Ginny pondered that. “There were no known rapes after that.”

“Because Zabini had realized what a liability the other boys were,” Draco said. “His reputation was clean, but he could fall quickly.”

“And he began focusing solely on Romilda after that point,” Harry said.

“Why did he kill her?” Draco said. “Was she going to turn him in?”

“No, she didn’t know who her attackers were,” Harry said. He quickly did a Muffliato charm. “It’s been kept out of the papers, but Romilda was pregnant at the time of her murder.”

“And everyone in Blaise’s family looks alike. Do you think Blaise will be convicted?”

Harry nodded. “He confessed to me and Neville when he thought we wouldn’t survive his mother’s poison garden.”

Draco stared. “You were in the famous Zabini poison garden? With the man eating tree?”

“Yes, and everything was on fire,” Harry said.

Ginny rolled her eyes. Count on Harry to want to emphasize the danger. “You caused that fire.”

“Of course we did. We were wandless and locked in a poison garden. How else were we supposed to draw anyone’s attention?”

Astoria took a sip of her wine. “Sounds like you had fun.”

“Join the Aurors and you’ll never miss out on the fun.” Harry paused to ponder that. “Actually, consider that. Our current sketch artist can’t do half of what you can.”

“Astoria’s training to be a healer,” Draco said.

“You can draw, cook, and heal?” Ginny said. “Very impressive.”

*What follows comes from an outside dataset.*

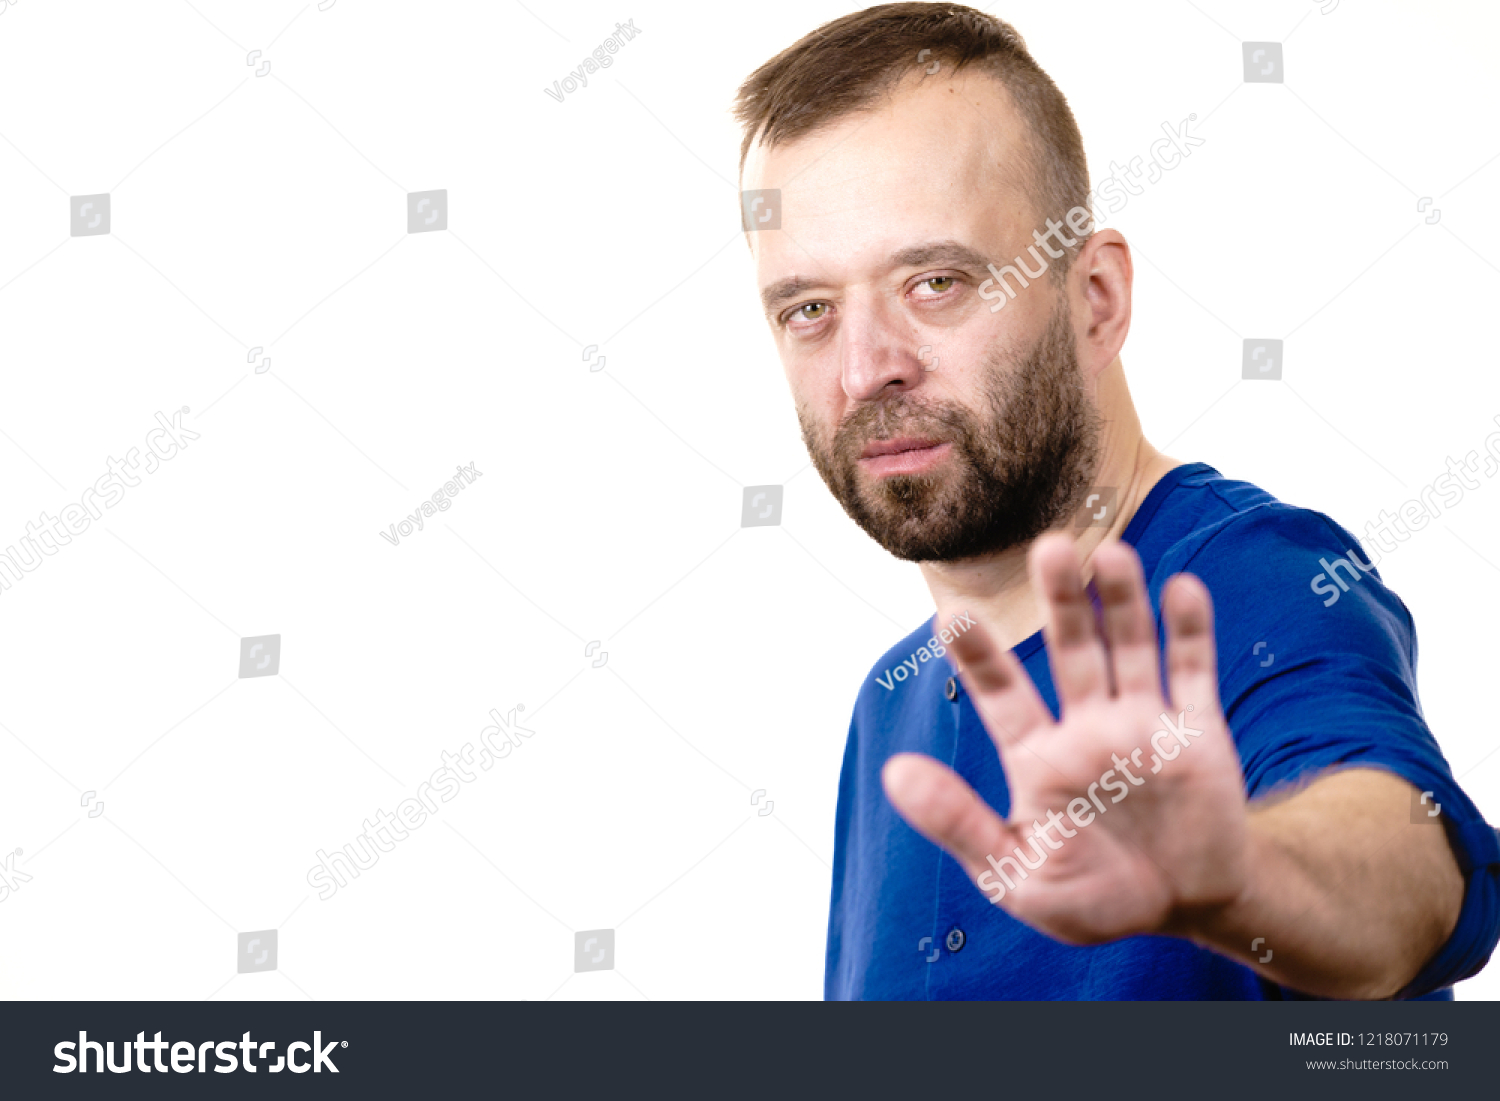 Serious man gesturing with palm hand showing stop refusing gesture. Human gesutres and expressions concept. #1218071179
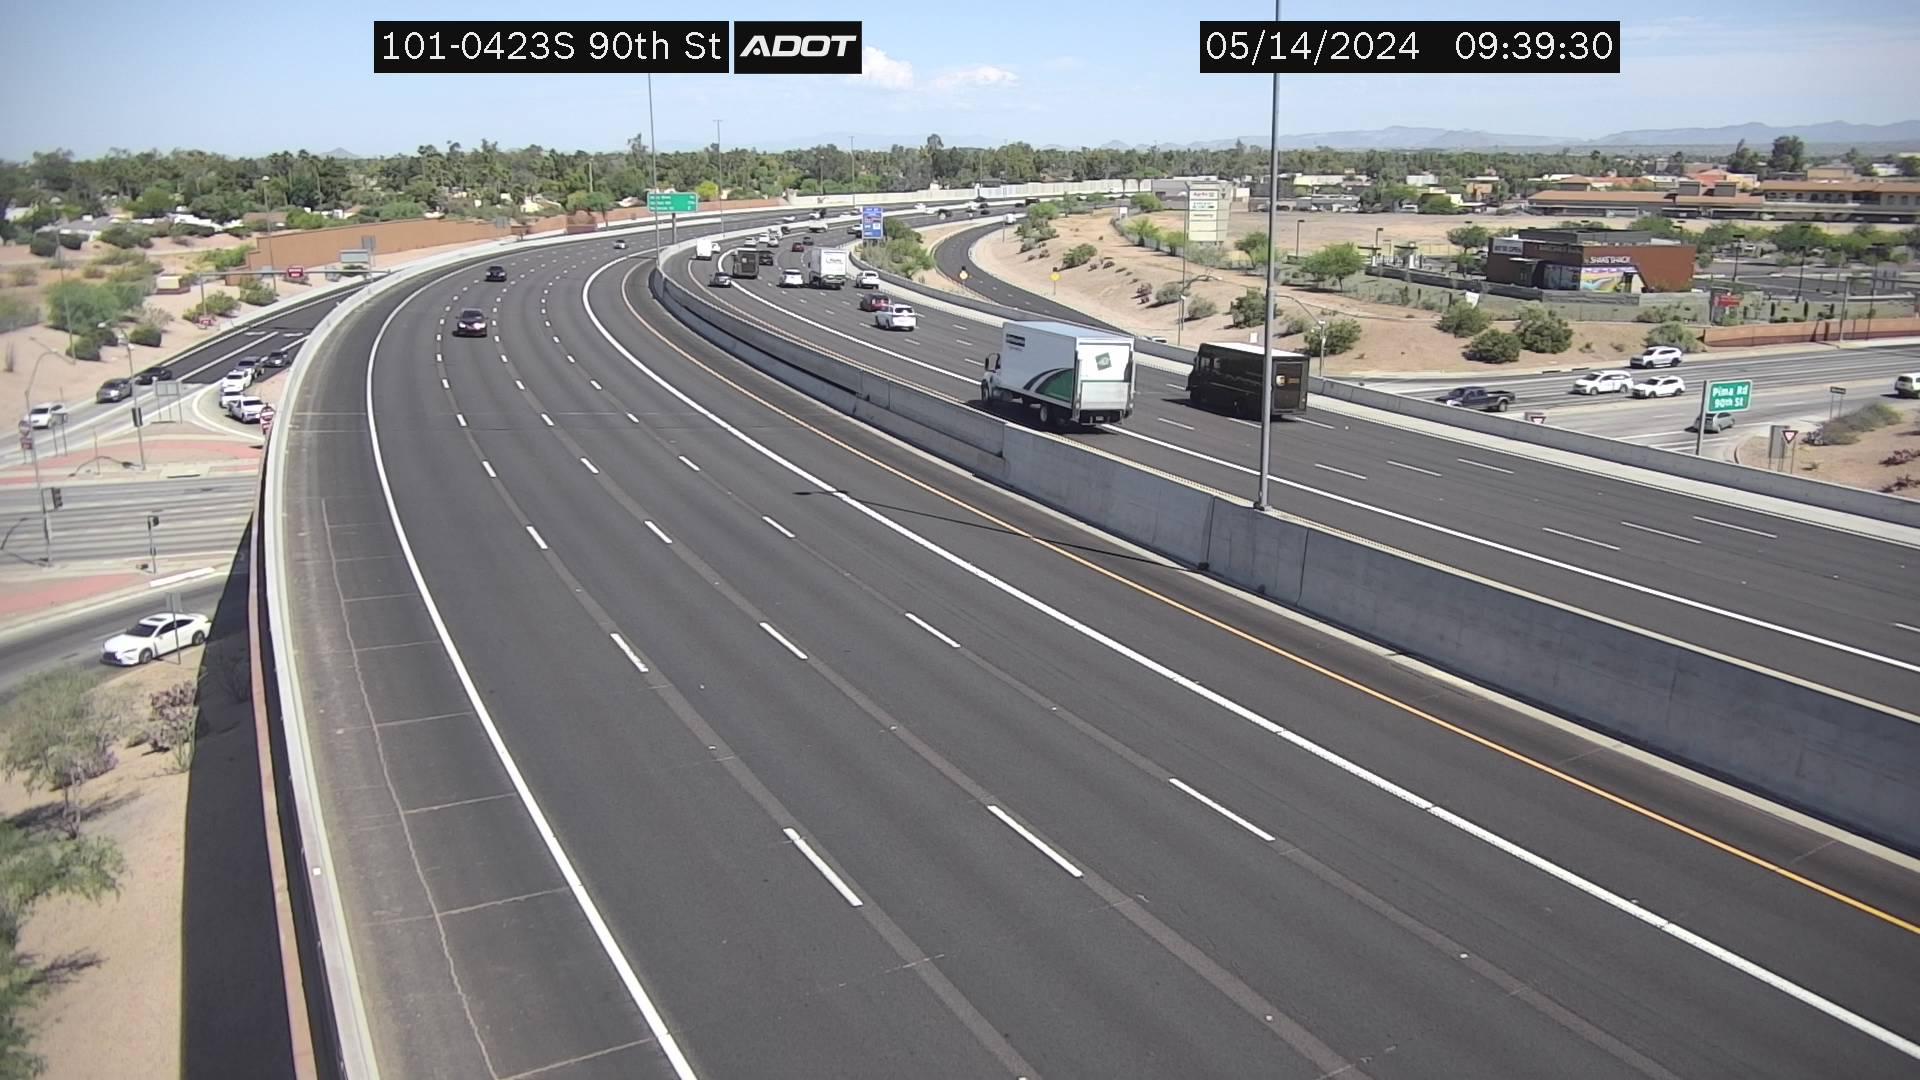 Traffic Cam Paradise Valley › South: I-101 SB 42.30 @90th St Player

“She is very impressive,” Draco said quietly.

“What are your plans, Draco? Please don’t say the Aurors,” Harry said. He leaned across the table and added, “I’ve heard you can’t sketch a stick figure.”

Draco laughed. “You heard wrong. I draw a mean stick figure. But no, not the Aurors. I have an interview with Gringotts next week. They have a new class of Curse Breakers starting soon.”

“You didn’t tell me that!” Astoria said. “That’s amazing.”

“It’s just an interview,” Draco said. “If I don’t get it, I might end up stuck at the potions journal my father keeps pushing me towards.”

Ginny had never seen Draco look uncertain before, and she had a curious urge to reassure him. “Good luck, Draco. My brother, Bill, is a curse breaker, and he loves it. He worked in Egypt when he was single.”

“I’d have to stick to domestic work for five years due to my Ministry ruling, but that’s okay. I’ve been studying the Druids and other civilizations of ancient Britain, and there is some pretty interesting local work.”

To Ginny's surprise, Harry raised his wine glass. “To a successful interview.”

They all clinked glasses, and Ginny felt proud of her boyfriend. She knew he would never like Draco, and she probably wouldn’t either, but they both liked Astoria and felt it was time for a civil and adult relationship with Draco Malfoy.